No, not exactly. Not a rhetorical question in search of affirmation. A real question in search of a real answer.
What kind of man?
But the Cleric is watching her in sharp silence, the corners of his mouth beginning to turn down. And so she nods. Digs her fingernails into her palm. Bites her tongue until she tastes metal.
Never answers. Always silence.
Her studies are not meant to satisfy her curiosity, but to fulfill her purpose. Celestial Science, Thermodynamics, Weapons Training, the Kovarian History of the Beast of Trenzalore. Mastery of these subjects is her duty and obligation. Untamed curiosity is a sin.
She is filled with it though: untamed curiosity, sin.
There’s something wrong with her. Something twisted and rebellious and perhaps a bit mad. That’s what the Clerics say. That’s why penance in the starless void is the price of her questions. For her own good. For her own purification.
The lesson continues. Yet another lesson on the Time War.
Always the Time War. Always Demons Run, Hyperion III, Medusa Cascade. Always Trenzalore. Before she knew how to read, she knew his atrocities by heart, The Oncoming Storm. The Weaponless Warlord of Gallifrey.
Weaponless save for his name.
How many syllables is it, the forbidden name of the War Doctor? How many vowels? How many consonants? Could she stumble upon it if she tried enough combinations of sounds? If she accidentally muttered it to herself, would the universe end? If she screamed it into every corner of the galaxy, would the silence break?
She wonders as she nods.
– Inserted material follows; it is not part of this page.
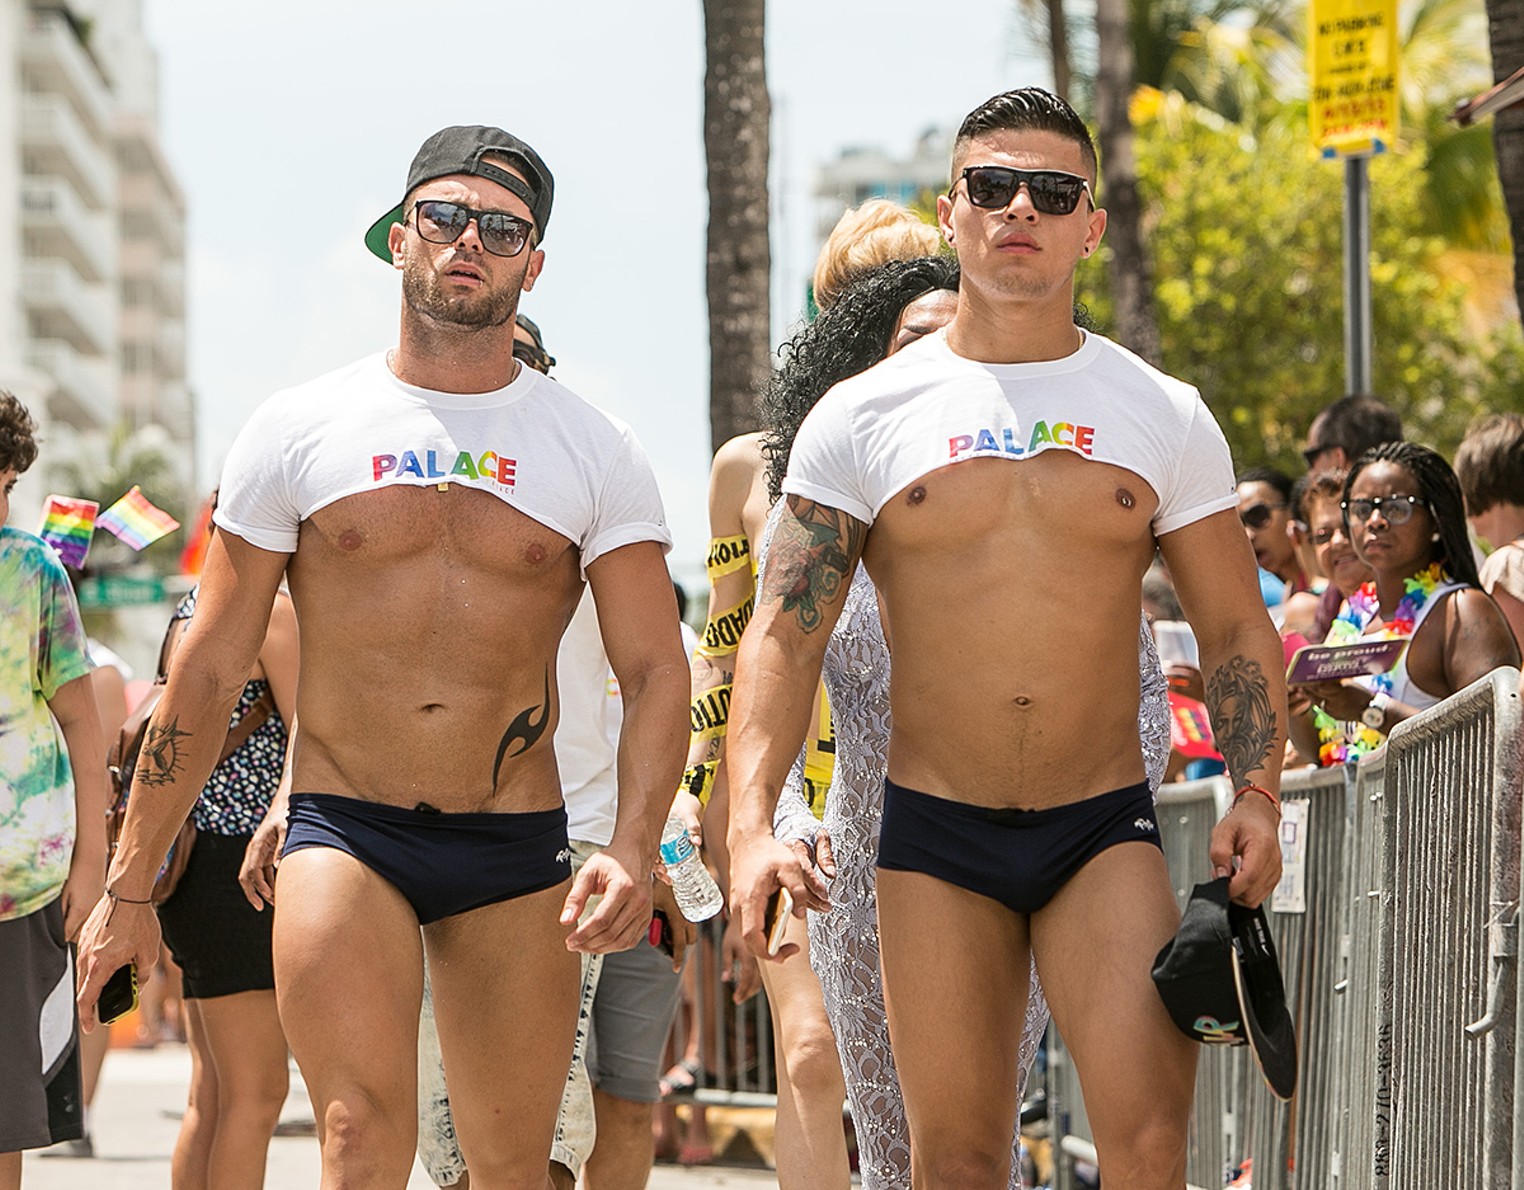 gay pride miami 2015 date

Leaves nail-shaped scrapes on her palms. Blood on her tongue.
In her room that night, she stares in the mirror and wonders where the angry bruise on her forehead came from. She stares at her hands and wonders at the nail-shaped scrapes. She stares at the single photograph she has of her real mother and wonders what her life would be like if Amelia Pond hadn't abandoned her.
“What kind of man abandons all his allies?” she asks the next morning during yet another lesson on the fates of Susan Foreman, Sara Jane Smith, Jo Grant, Jack Harkness, Donna Noble...
“Exactly.”
Wait.
How many times has she asked this same question and received this same answer?
Suddenly disoriented, she shakes her head. “How long have we been here? What day is it?”
The next thing she knows is the starless void. Empty oblivion. No beginnings and no endings.
Twisted corridors and gunpowder. A voice crying for help. Her own.
An ear-piercing scream, not her own. A woman’s face filled with terrifying tally marks. A woman who almost looks like -
Flashlights bouncing off walls. Heavy footsteps running upstairs. Desperate pounding on her bedroom door as she hides in the hall.
Then a moonless sky over the gated yard of the orphanage. She must have been granted outdoor privileges again.
What has she done to earn outdoor privileges? Why can’t she remember? Why are her days nothing but gaps and tangles?
Pacing blindly in the dark, she tries to steady her racing breath; in and out. She tries to quiet her mind as she’s been taught, release the questions that never leave her in peace.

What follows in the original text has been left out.